What if you could privately use an application and manage its permissions to keep ill-intending apps from accessing your data? That’s exactly what Steve Kondik at CyanogenMod—the aftermarket, community-based firmware for Android devices—hopes to bring to the operating system. It’s called Incognito Mode, and it’s designed to help keep your personal data under control.

Kondik, a lead developer with the CyanogenMod team, published a post on his Google Plus profile last week about Incognito Mode. He offered more details on the feature:

I've added a per-application flag which is exposed via a simple API. This flag can be used by content providers to decide if they should return a full or limited dataset. In the implementation I'm working on, I am using the flag to provide these privacy features in the base system:

  • Return empty lists for contacts, calendar, browser history, and messages.
  • GPS will appear to always be disabled to the running application.
  • When an app is running incognito, a quick panel item is displayed in order to turn it off easily.
  • No fine-grained permissions controls as you saw in CM7. It's a single option available under application details.

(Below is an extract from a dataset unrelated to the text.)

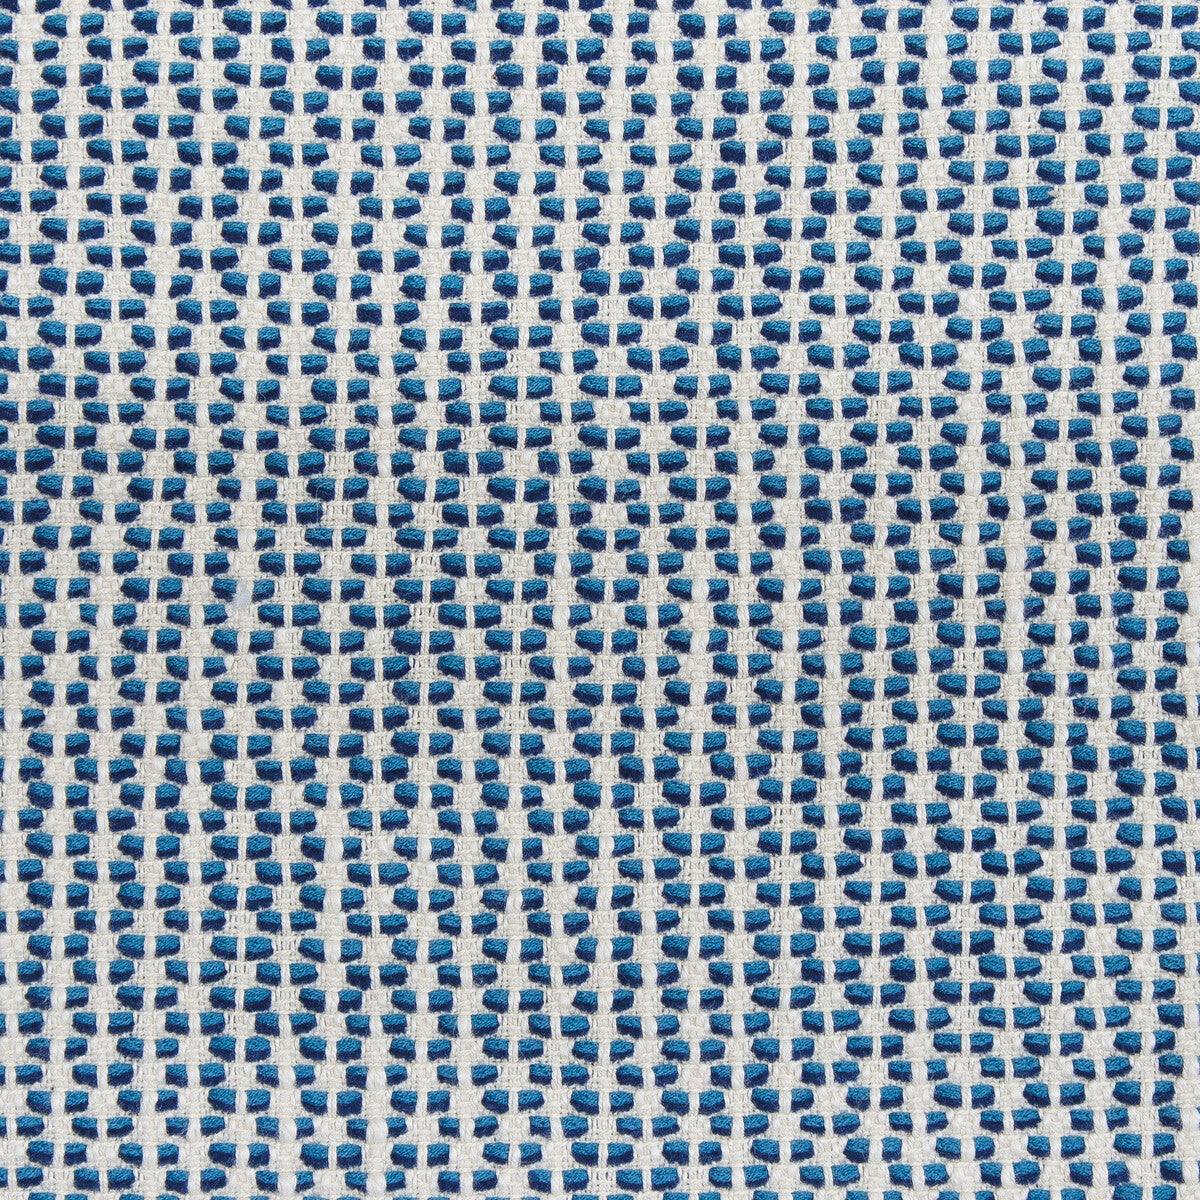 Palenque fabric in azul color - pattern GDT5595.002.0 - by Gaston y Daniela in the Gaston Nuevo Mundo collection

The API provides a simple isIncognito() call which will tell you if incognito is enabled for the process (or the calling process). Third party applications can honor the feature using this API, or they can choose to display pictures of cats instead of running normally.

Every time you install a new application on Android, the operating system asks you to review the permissions the app requests before it can install. This approach to user data is certainly precarious because users can't deny individual permissions to pick and choose what an application has access to, even if they still want to use that app. Incognito Mode could potentially fix this conundrum, enabling users to restrict their data to certain applications.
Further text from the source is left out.